Editorial: Value of School Assemblies Defended


Seniors show spirit at pep assembly.

Kara Cowell, Editorial Editor

The high school assembly: movies make them seem like wild parties, books sometimes paint them as boring disciplinary lectures, and real-life reveals that they can land anywhere on this spectrum. 

NHS has held its fair share of school assemblies in its long history, and almost anyone will agree that no two have been the same. Traditionally, at least in my last four years of experience at NHS, there have been three big assemblies per year; Homecoming, Winterfest and Diversity Fair.  All three of these assemblies showcase a special time of year, week and event, which takes place within the high school, as well as provides additional games and activities relating to these events. The energy and unique environment cultivated by assemblies unifies students and offers an experience for high schoolers, which deserves to be defended. 

Recently, though, the NHS administration urged the clubs and groups behind the planning of these assemblies to take a step back and reconsider the value of what their messages portray. This reconsideration is strictly because of issues of school security and engagement, which administration feels need to be addressed.  Principal Wunderlich mentioned that “putting all 2,000 of our students in one spot at a scheduled time makes [him] a little bit more nervous because of the variety of incidents.” Further, Wunderlich commented that “I do believe that some of our kids hate being packed into that gym or don’t feel connected to the event. In the classroom setting our teachers are pretty masterful at trying to engage everyone.” 

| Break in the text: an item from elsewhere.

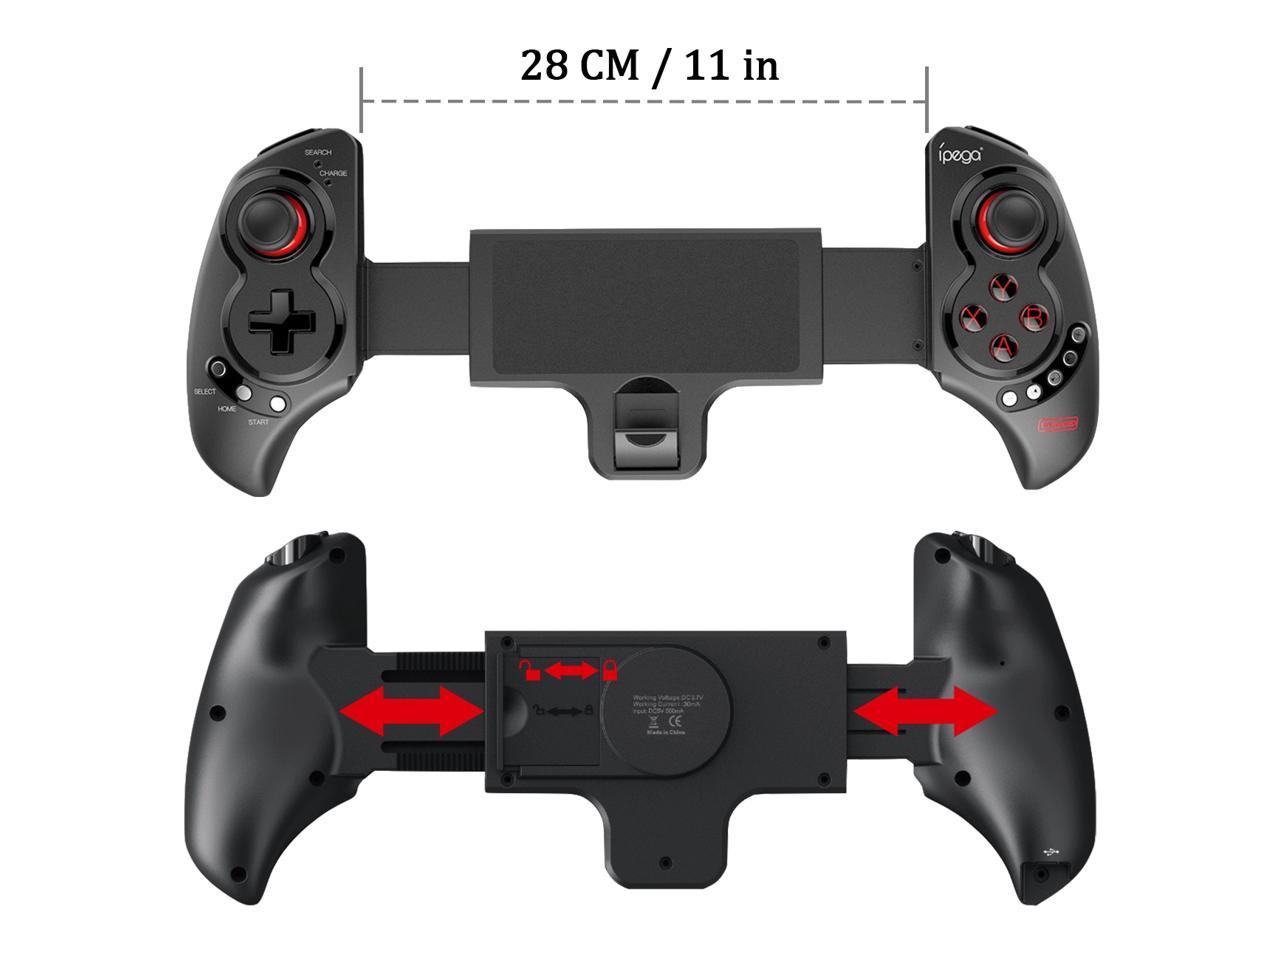 Wireless Bluetooth Game Controller Joypad for Samsung Galaxy S9 S8 S7 Note 8 5

While it may be nearly impossible to interest every student in activities in such a large setting, the mere environment of the assemblies is something that does impact everyone. While many high school students may be too stubborn or “cool” to say that they felt touched, there are few opportunities for students to realize just how big our school population really is. With this, student’s eyes are opened to new things and new ideas through merely attending an assembly. 

Students have also expressed their opinions on assemblies. Senior Austin Price commented that he thinks “We don’t appreciate assemblies enough. They mean so much more than what most students see and it’s a shame. “ Similarly, senior Jenna Ebel shared that “School assemblies mean unity; I would be sad if we didn’t have them.” The general consensus between many students is that assemblies are a milestone and one of the only ways that a school of over 2,000 students can all come together as one.

These positive outlooks were not the only response though. Similarly to the concerns of Wunderlich that assemblies are not the best way to engage the entire student body, junior Isabel Yoblonski first commented that “school assemblies are a good way to bring everyone together” similar to many others. Yoblonski also recognized the challenges though, saying “I think that Neenah’s assemblies just lack fun and it’s always kind of repetitive and boring.” It is this unfortunate lack of engagement or social hype that causes many students to doubt assemblies — and administration has obviously heard both the positive and the negative sides. 

As an active member of the student body myself, I have seen the importance of school assemblies first hand. Especially in such a large school, it is nearly impossible to know everyone and see the sheer size of Neenah High’s student body. Seeing everyone together can be incredibly inspiring. To me, it is not only an issue of student engagement but also student pride when students can no longer understand what it means to be unified. Considering that some of NHS’s students will never attend a sports game or musical performance at all during their high school careers is incredibly saddening. Students need to be empowered to believe in the strength of the whole school if assemblies are going to continue being a part of student culture or we may end up losing a powerful showcase of events for good.

This showcasing of school camaraderie and diversity is represented by nothing better than the annual April Diversity Fair. This event never fails to powerfully showcase a variety of student talent and passion. Unfortunately though, with a growing concern about assemblies and school safety — this event too will likely change Since it is still a few months away — much is still unknown about how exactly it will run — but one thing is for sure — Diversity Day was a one year showcase. Despite its immense success, the new schedule and rules set in place simply make this impossible while maintaining fairness for teachers. According to Principal Wunderlich, “the actual assembly though, as of right now, is not planned to be an assembly, but different activities in the classrooms.” 

With the elimination of the Winterfest assembly and that missed opportunity to bring everyone together, all eyes will definitely fall onto what Diversity fair has in store this year. 

For those who treasure the assembly experience more than anything . . . hope still prevails. Principal Wunderlich said: “I think we’ll always have a homecoming assembly.  I do know there is value in bringing everyone together.” So there is at least one thing that is likely to stand up to the challenge of modernization a while longer. 

Assemblies have been a part of high school culture for a long time. While students and staff alike understand their underlying value, the risks they can be in the modern-day school environment will likely cause changes to happen right before our eyes. This school year, like those which preceded it, made the reality of the school safety issue ever more tense. The adaptation of Winterfest assembly activities and their effectiveness will be an interesting clue as to how things will continue to change in the future. Students and staff alike need to be motivated to find new ways to believe in the strength unity if assemblies want to continue to be a part of student culture. I hope that the elimination of the Winterfest assembly and an incoming modification to diversity fair will spark students to realize changes taking place within their school, and to brainstorm what they can do to make their changing school culture still represent unity as a whole.